== WORK REQUEST ==
With the pictures left out, write out exactly the lines of the listing below that run from the line with "Tattoo Tribal Butterfly 255 Free DXF File" through the line with "Busy April for the Swimming World".

== SOURCE MATERIAL ==
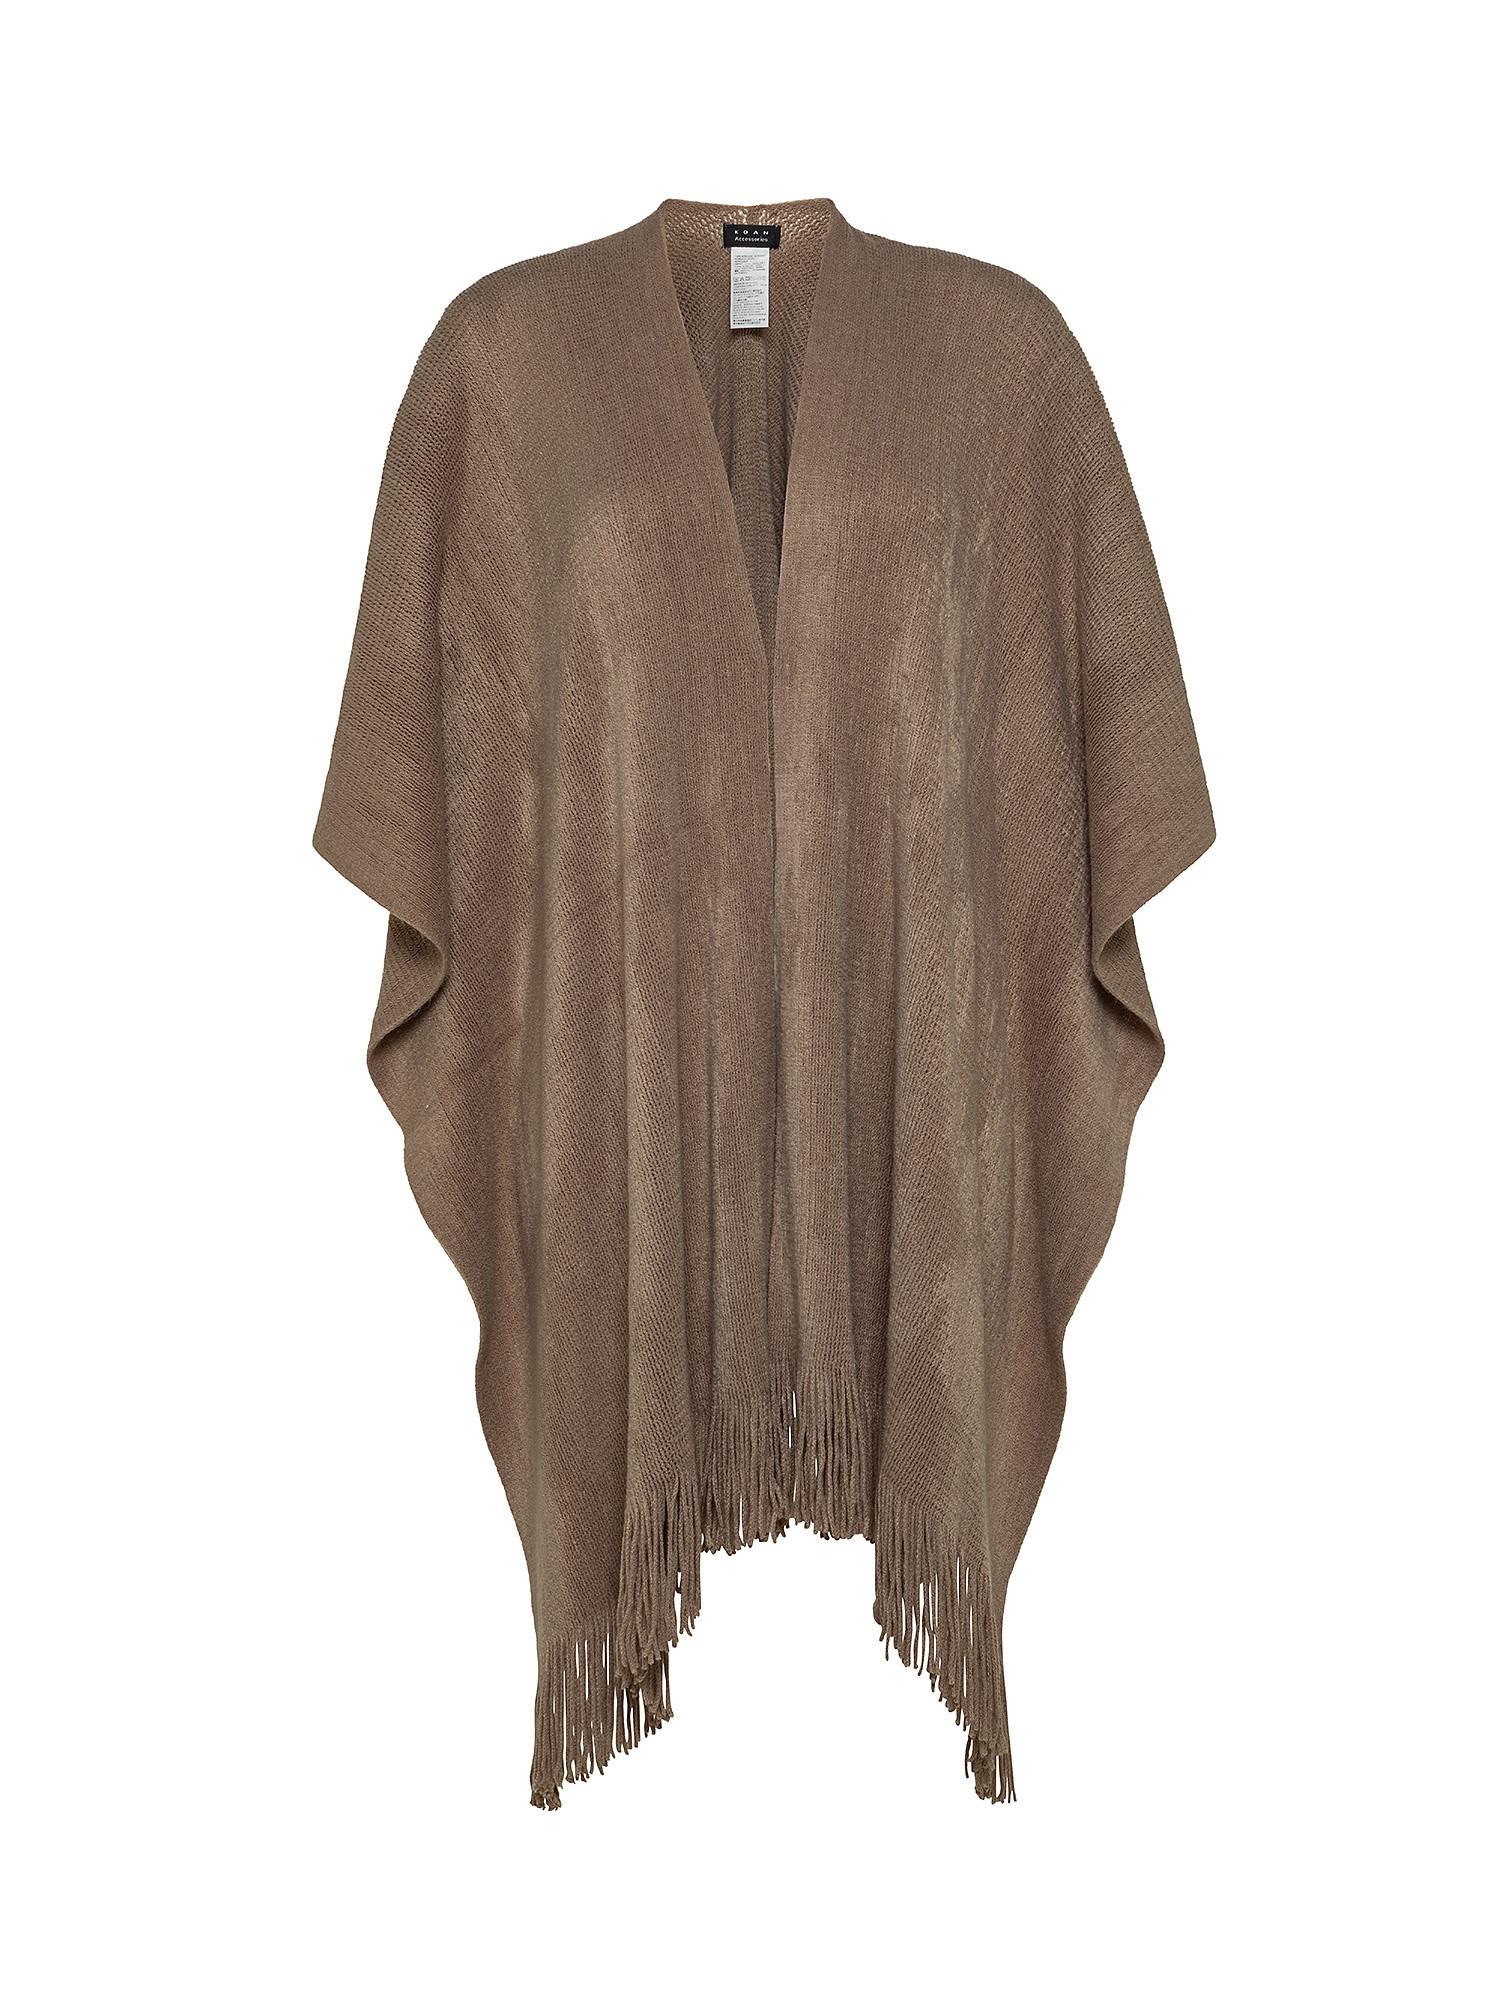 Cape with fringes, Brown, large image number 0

==

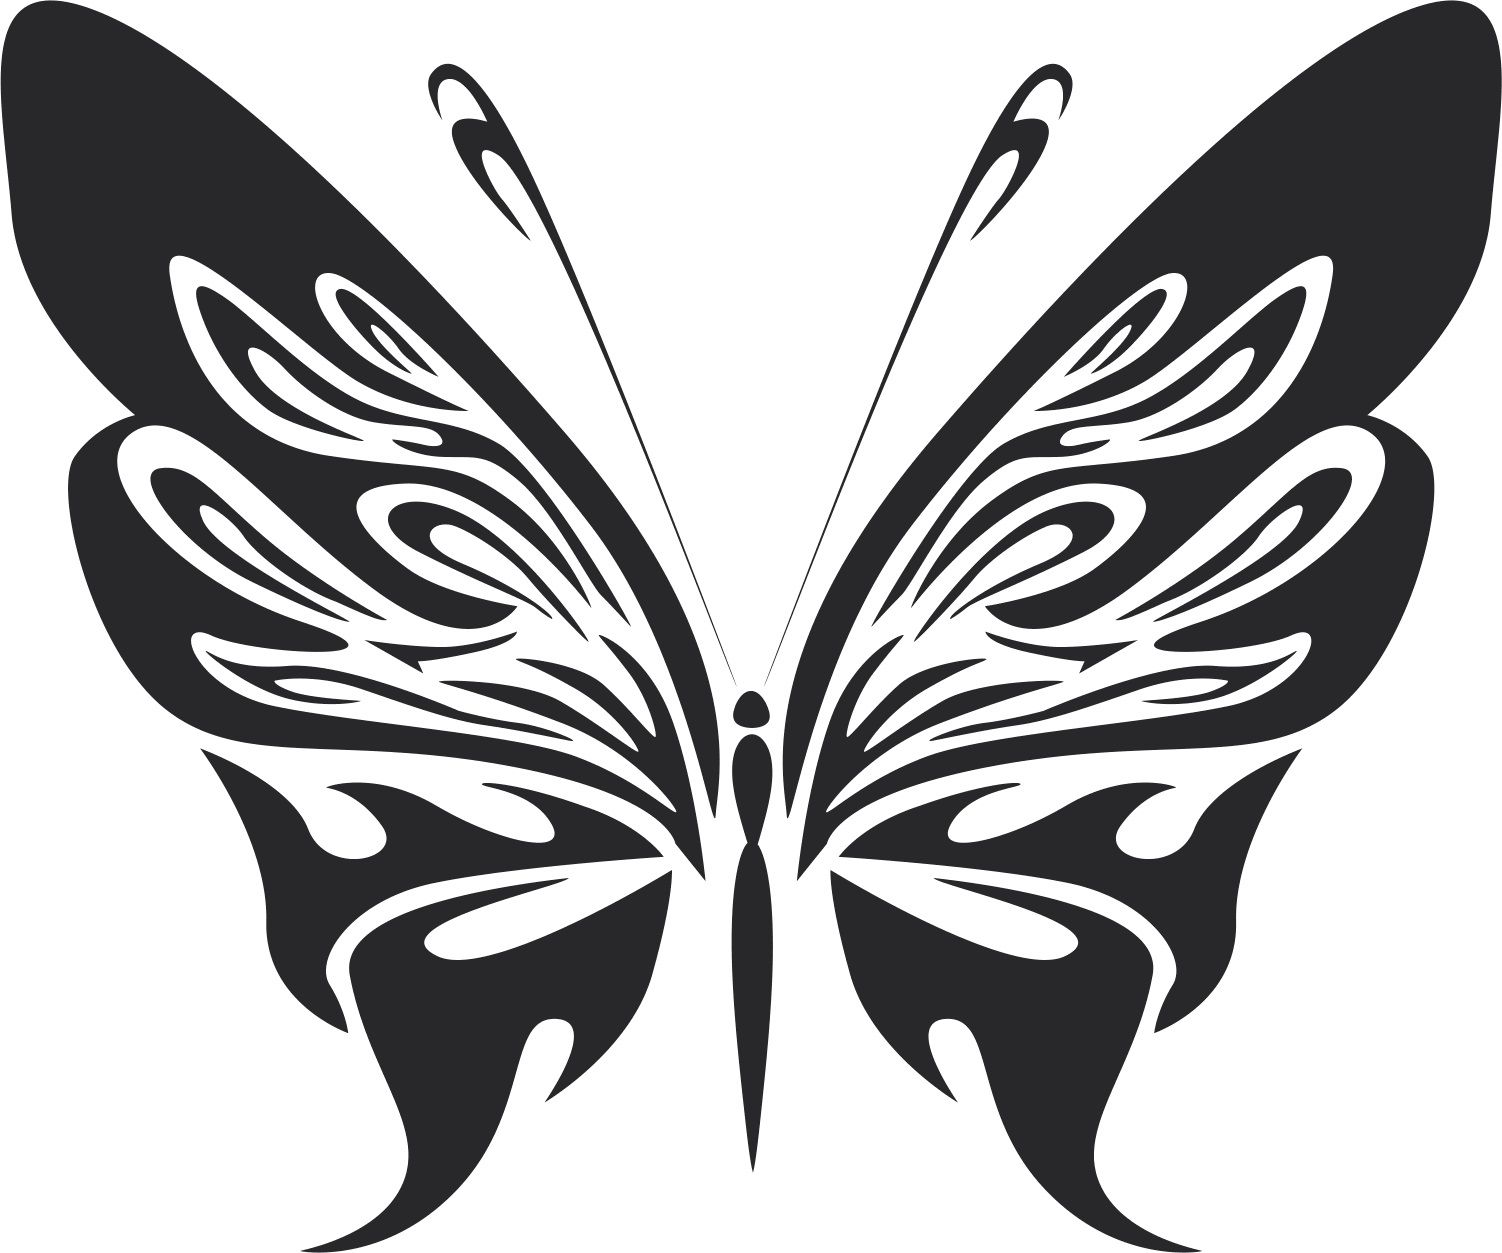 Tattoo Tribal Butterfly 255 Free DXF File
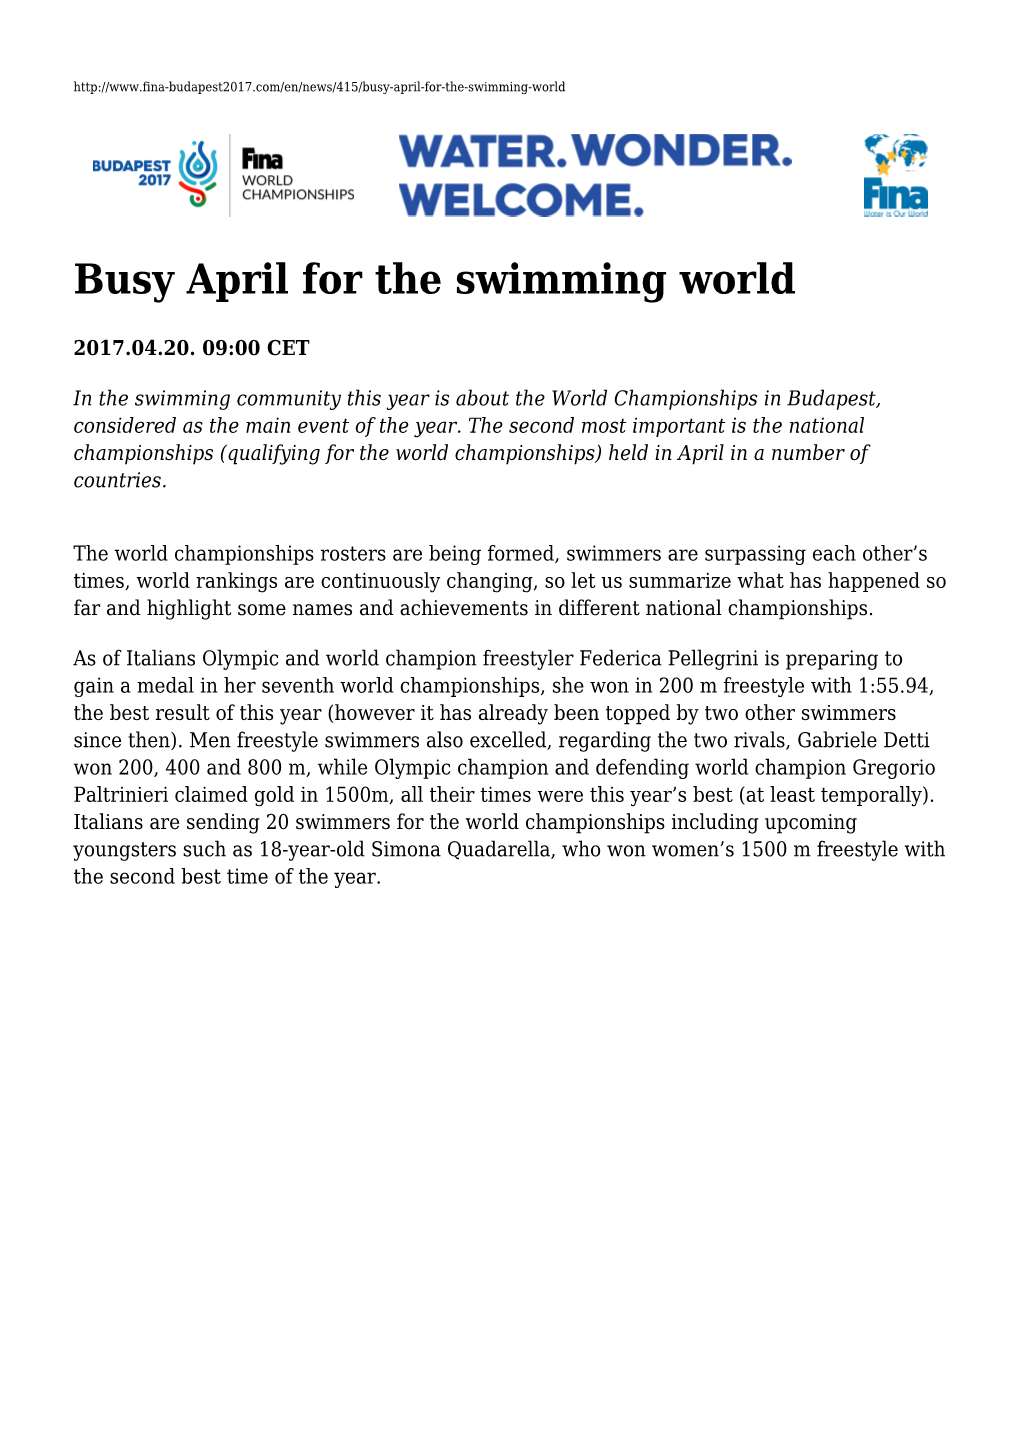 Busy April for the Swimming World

== RESPONSE BOX ==
 Tattoo Tribal Butterfly 255 Free DXF File
 Busy April for the Swimming World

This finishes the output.